The Bank of England kept its benchmark interest rate on hold Thursday as cooling inflation eases the pressure for higher borrowing costs.
The U.K. central bank said its rate-setting panel agreed to leave the benchmark rate at a low of 0.5% and the size of the BOE's bond portfolio at 375 billion pounds ($587.3 billion) following its two-day meeting.
Sterling and U.K. government bonds were broadly unmoved by the decision, which had been expected.
Central banks around the world are grappling with low inflation and the BOE is no exception, despite the U.K.'s relatively fast pace of economic growth. The economy expanded at an annualized rate of around 3% in the first nine months of the year and the International Monetary Fund predicts the U.K. will be the fastest-growing developed nation this year, although the economy's pace is expected to slacken in 2015.
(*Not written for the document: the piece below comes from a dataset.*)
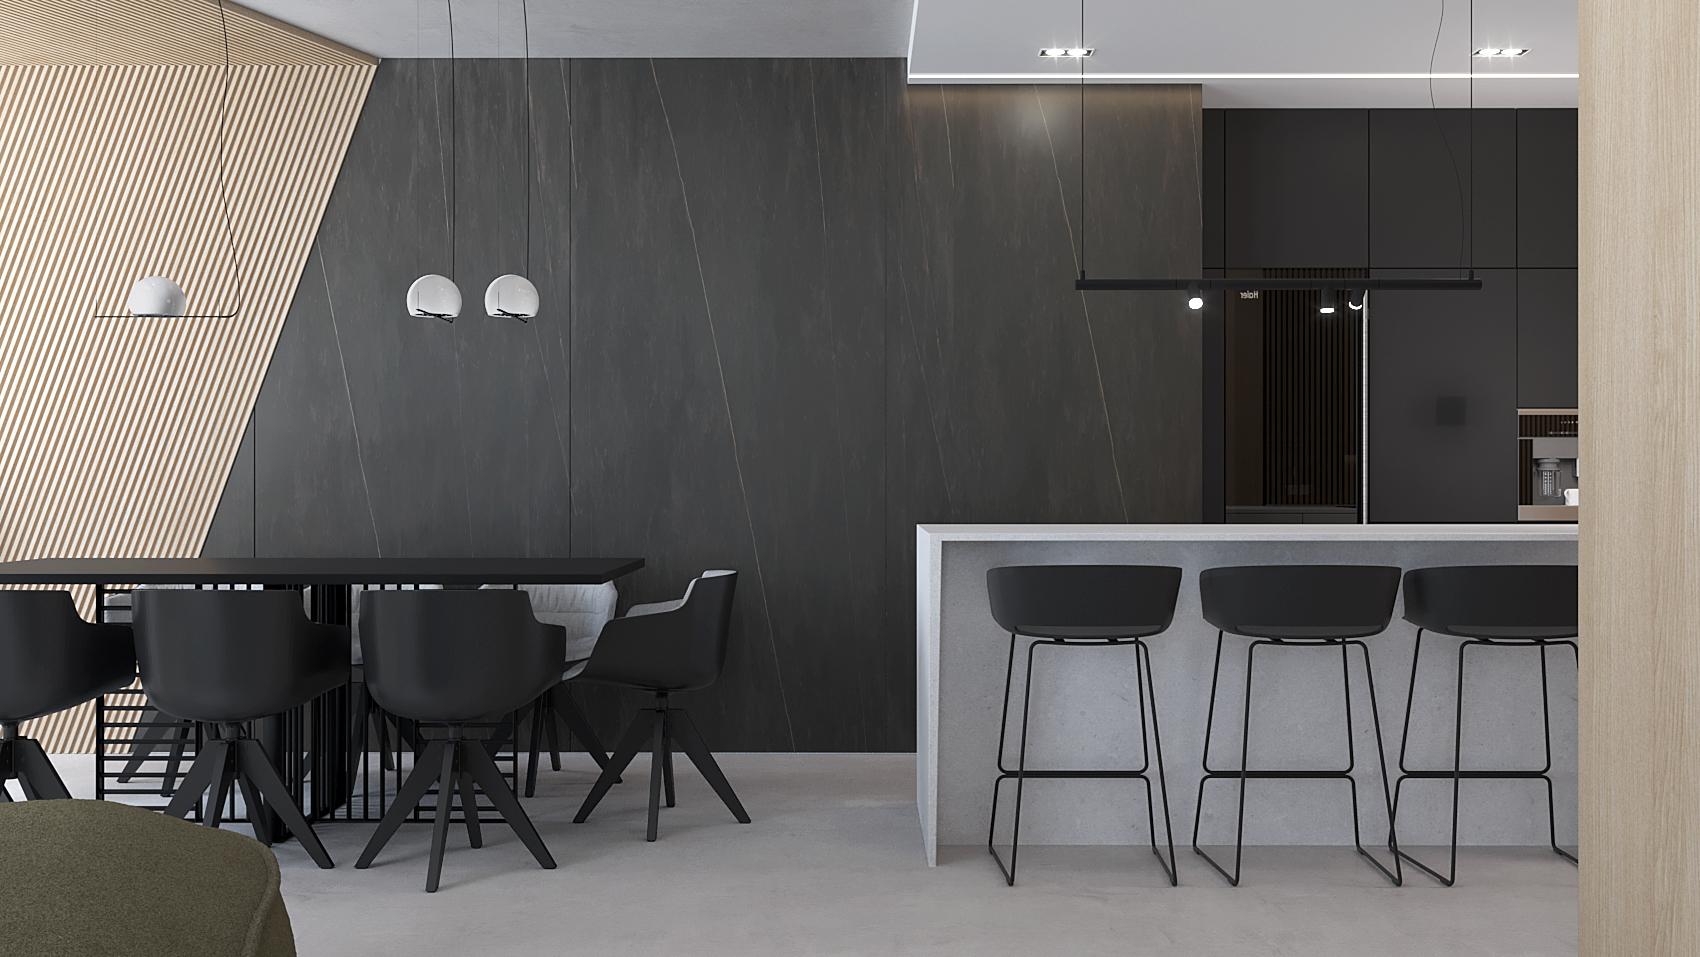 5 projket wnetrza M558 kuchnia z jadalnia czarne spieki kwarcowe lamele na scienie i suficie czarny stol biala wyspa kuchenna

Annual inflation in the U.K. was 1.3% in October and BOE officials expect it to cool further in the months ahead, dragged lower by plunging prices for food, oil and other commodities. BOE Governor Mark Carney told lawmakers in recent testimony he expects the annual rate will soon dip below 1%, a decline that would oblige him to write to Treasury chief George Osborne explaining how the BOE intends to get inflation back to its 2% target.
Subdued inflation is proving a boon for Mr. Osborne, who has fallen behind in his efforts to plug a shortfall between government spending and income. New forecasts for Britain's public finances published Wednesday showed weak price growth means future spending on welfare will rise more slowly than expected, helping Mr. Osborne to narrow the deficit.
Weak inflation is also reducing the pressure on the BOE to lift interest rates. The central bank's November forecasts showed inflation rising slowly back to 2% by late 2017 provided interest rates nudge up at the gradual pace expected in financial markets. Investors expect the first rise in borrowing costs towards the end of 2015 or early 2016, according to overnight interest rates that hug the BOE's benchmark rate.
Central banks are increasingly charting different paths. The BOE and the Federal Reserve are inching towards raising short-term interest rates as their economies accelerate. The European Central Bank and the Bank of Japan, by contrast, are ramping up their stimulus efforts to lift prices and spur growth.